On Tue, 12 Nov 2019 15:16:09 +0100
Stoiko Ivanov <s.ivanov at proxmox.com> wrote:

> This patchset should eventually address a very often asked-for feature for PMG:
> before-queue filtering (apart from 1/4 for pmg-api, which is a tiny nit I
> caught by accident).
> 
> Technically the work follows the postfix before queue content filtering howto
> [0], which makes it possible to scan before-queue without the need to implement
> a dedicated milter-protocol.
> 
> pmg-smtp-filter (rather PMG::SMTP) already had a currently unused branch for
> handling SMTP connections (the current after-queue solution uses LMTP), which
> only needed a slight adaptation.
> 
> Handling mails with single recepients now should work without any problems:
> 
> * if the result of the rule-system is 'Block' pmg-smtp-filter rejects the mail
>   with '554 5.7.1 Rejected for policy reasons' (the same response code
>   postscreen uses for rbl-hits)
> 
> * if the result is either 'Accept' or 'Quarantine' pmg-smtp-filter accepts the
>   mail
> 
> * if there's a problem in handing the mail back to postfix (10025) then the
>   response is a temporary failure
> 
> The situation is slightly more complicated (I'd say a general thing with SMTP)

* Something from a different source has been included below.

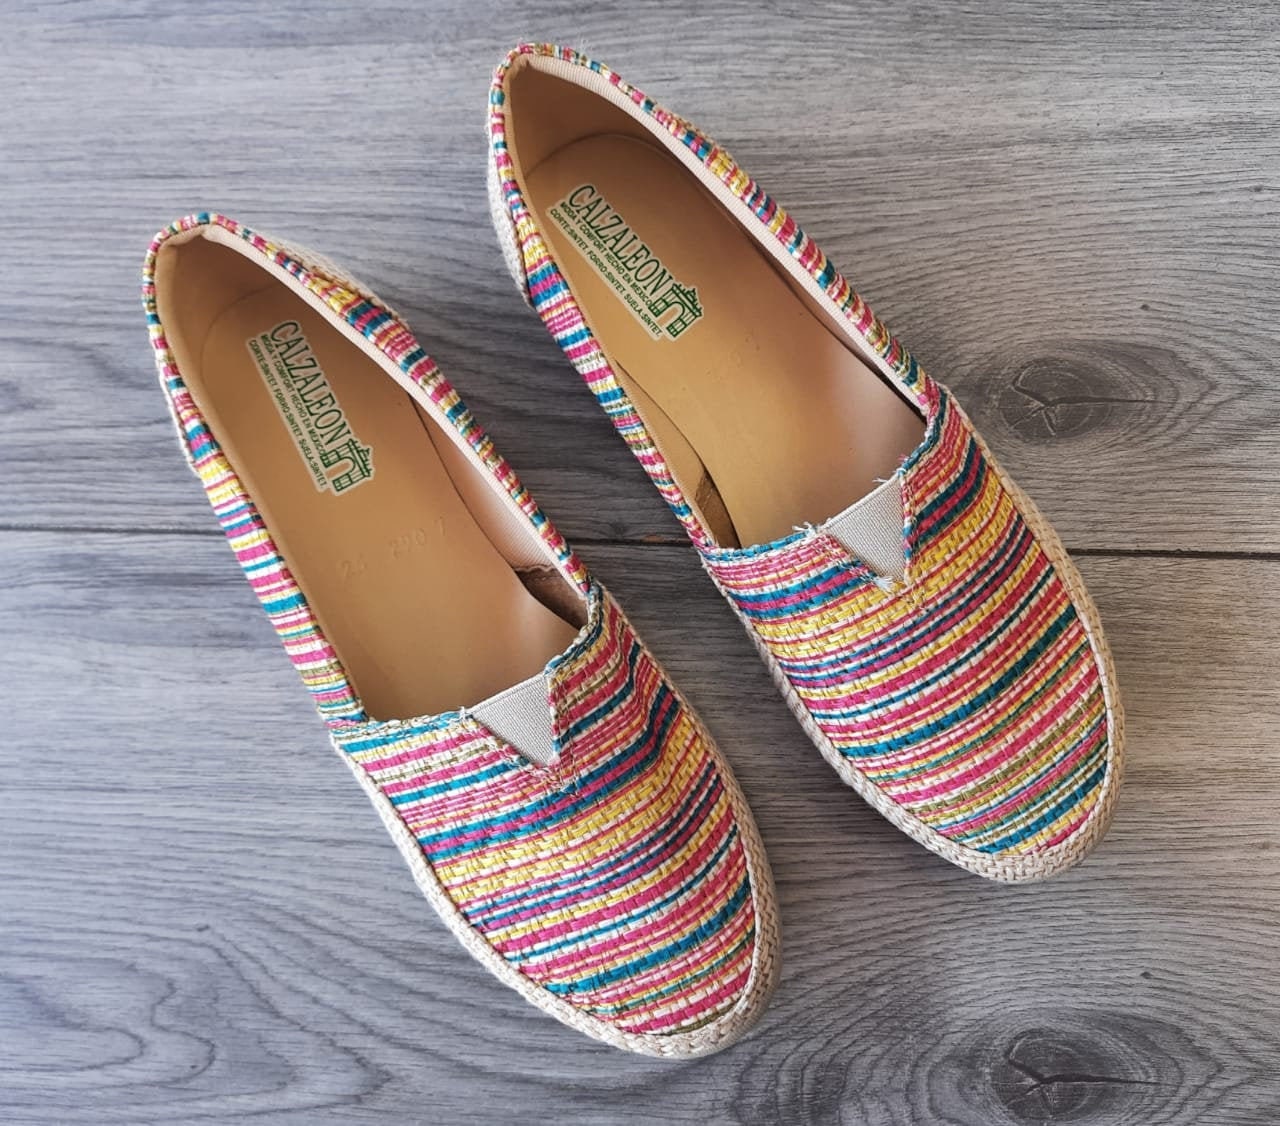 Women's espadrilles with Mexican stripe design | Etsy

> if one mail is to be delivered to multiple recepients:
> 
> * if the rule-system 'Blocks' the mail for all recepients - the mail gets
>   rejected (with 554)
> 
> * if at least one recepient accepts the mail pmg-smtp-filter returns 250.
>   Additionally in order to be compliant with the requirement some users have
>   of never dropping mail, without notification, a bounce-message (NDR) is
>   generated for all users, which 'Blocked' the message (if any).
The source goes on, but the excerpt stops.